Market participants are also increasingly eyeing politics as the Nov. 8 U.S. elections draw near. The turmoil enveloping Republicans and the party’s presidential candidate Donald Trump is prompting some speculation that a victory by Democrat Hillary Clinton could be accompanied by big gains for her party in Congress, investors said.

At the same time, investors are bracing for the U.S. Federal Reserve to raise interest rates by the end of the year, most likely in December.

“The markets had relied on expectations of monetary stimulus for a long time but that is changing with bond yields rising around the world. You have rising interest rates and falling EPS. That’s obviously bad for stocks,” said Norihiro Fujito, senior investment strategist at Mitsubishi UFJ Morgan Stanley Securities.

The 10-year U.S. Treasuries yield rose to 1.781 percent, its highest level since early June.

U.S. interest rate futures <0#FF:> are pricing in about 75 percent chance of a rate hike by December, little changed over the past couple of days.

The spectre of rising U.S. interest rates helped to lift the dollar’s index against a basket of six major currencies to its highest level in seven months.

The index stood at 97.511, after having risen to as high as 97.758 on Tuesday, climbing above its July peak of 97.569.

The euro hit a two-month low of $1.1049 and last stood at $1.1061 while the offshore Chinese yuan traded at 6.7290 yuan to the dollar, near its lowest since January.

The yen was little changed at 103.42 to the dollar.

The British pound jumped 1.3 percent in thin early Asian trade to $1.2275, after having fallen nearly five percent in the previous four sessions.

Some market players suspected sterling benefited from a report by Bloomberg that British Prime Minister Theresa May has accepted that Parliament should be allowed to vote on her plan for taking Britain out of the European Union.

“The pound is being bought back after its big falls.

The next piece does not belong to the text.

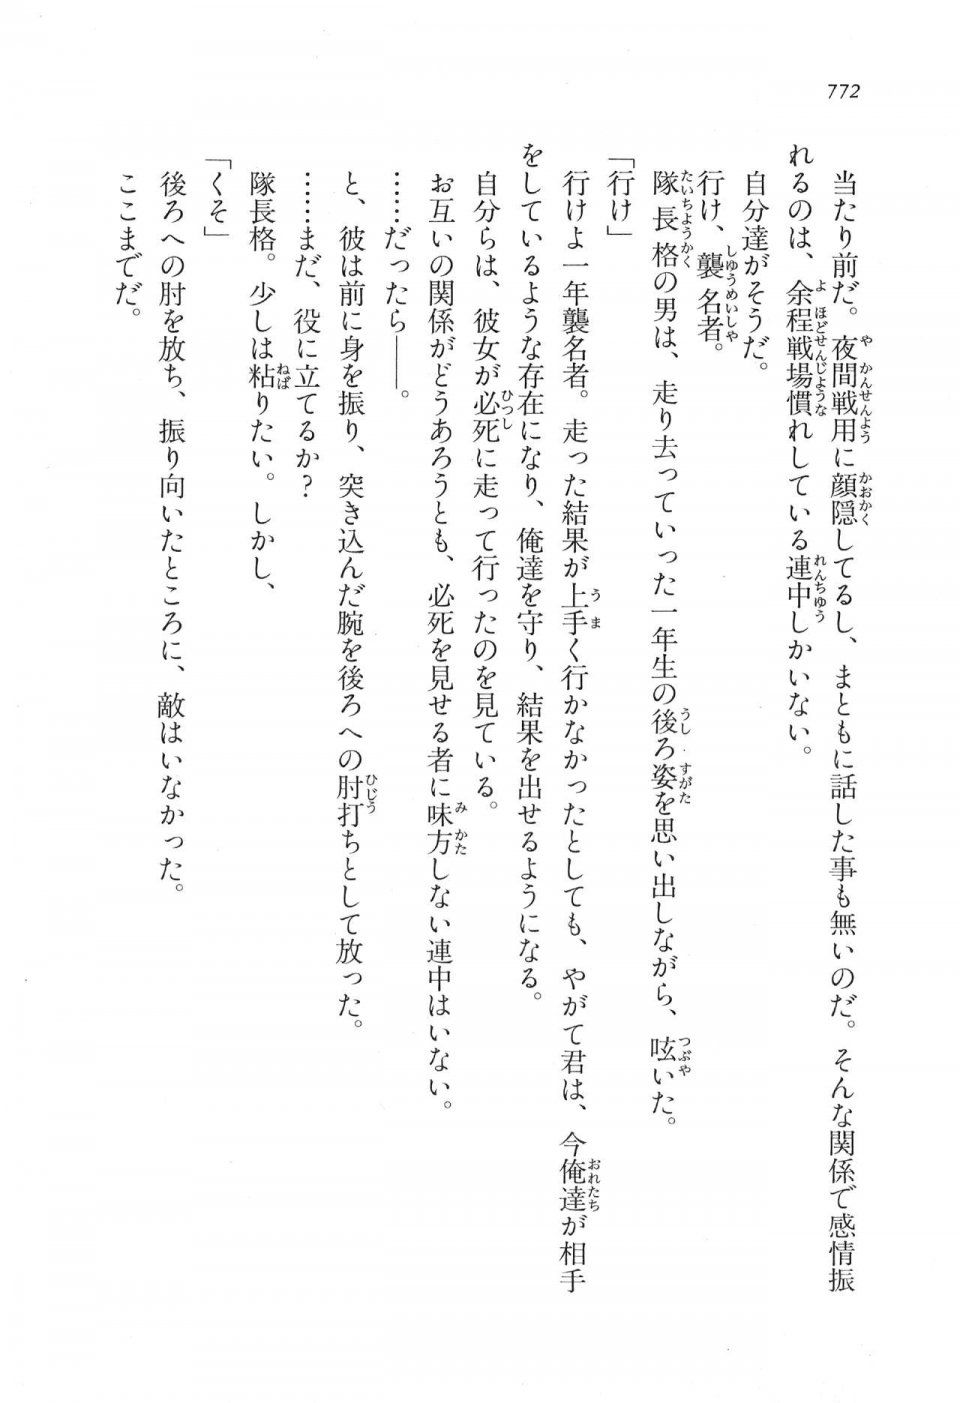 Kyoukai Senjou no Horizon LN Vol 17(7B) - Photo #774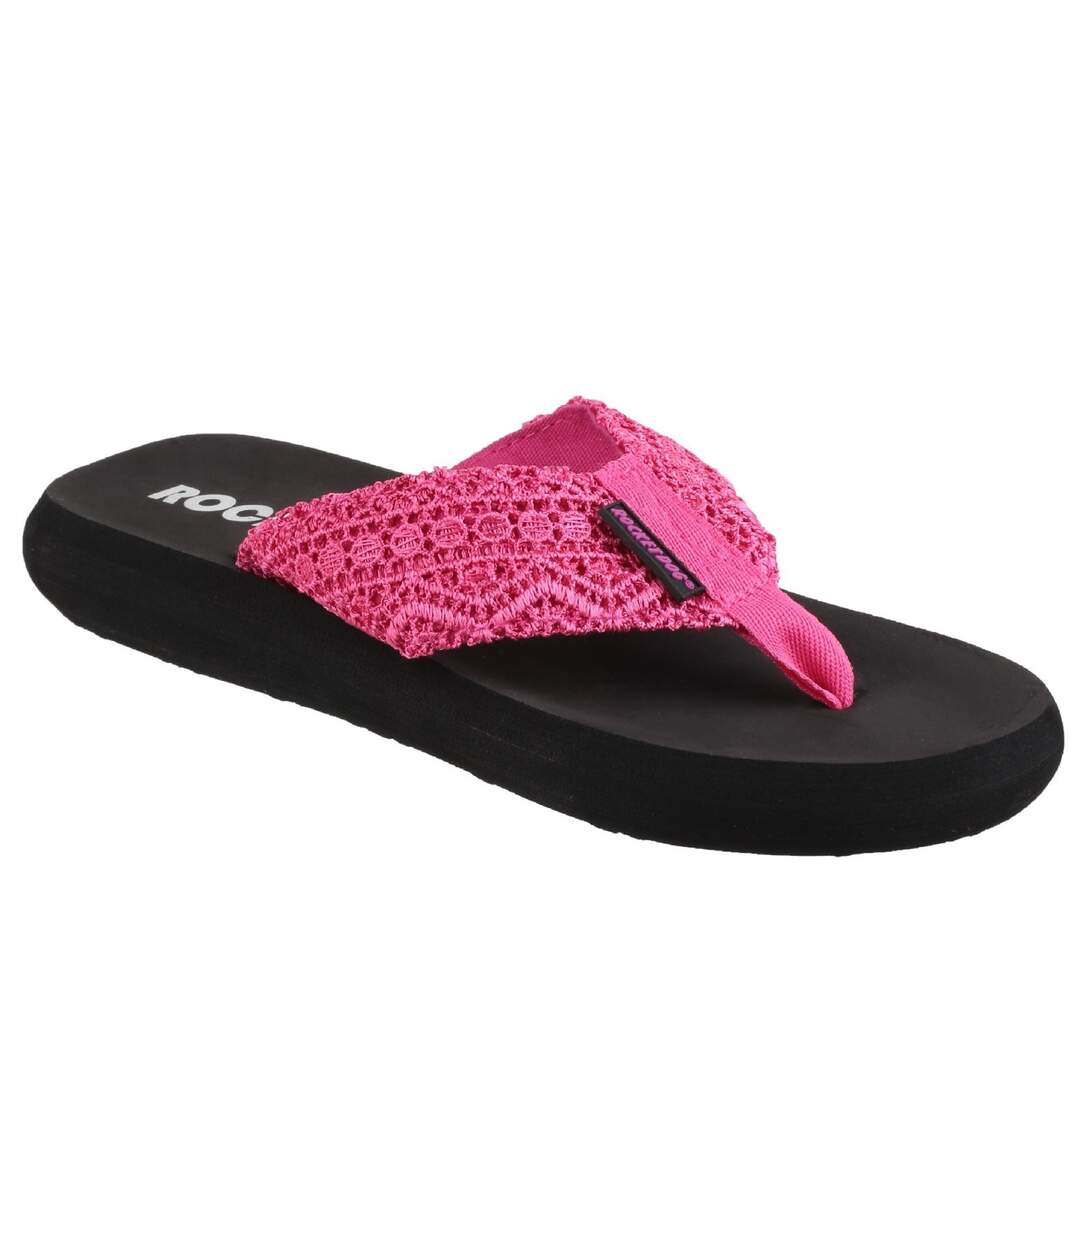 Rocket Dog Womens/Ladies Spotlight Slip On Sandals (Pink) - UTFS5350

But given that Brexit will remain a major theme for the markets, its likely to be capped,” said Shinichiro Kadota, chief currency strategist at Barclays Securities Japan.

Oil prices retreated from one-year highs, after OPEC said it was trying to reach a global agreement to cap production for at least six months amid doubts about how much that would reduce a crude glut.

Brent crude futures traded at $52.49 per barrel, off Monday’s high of $53.73.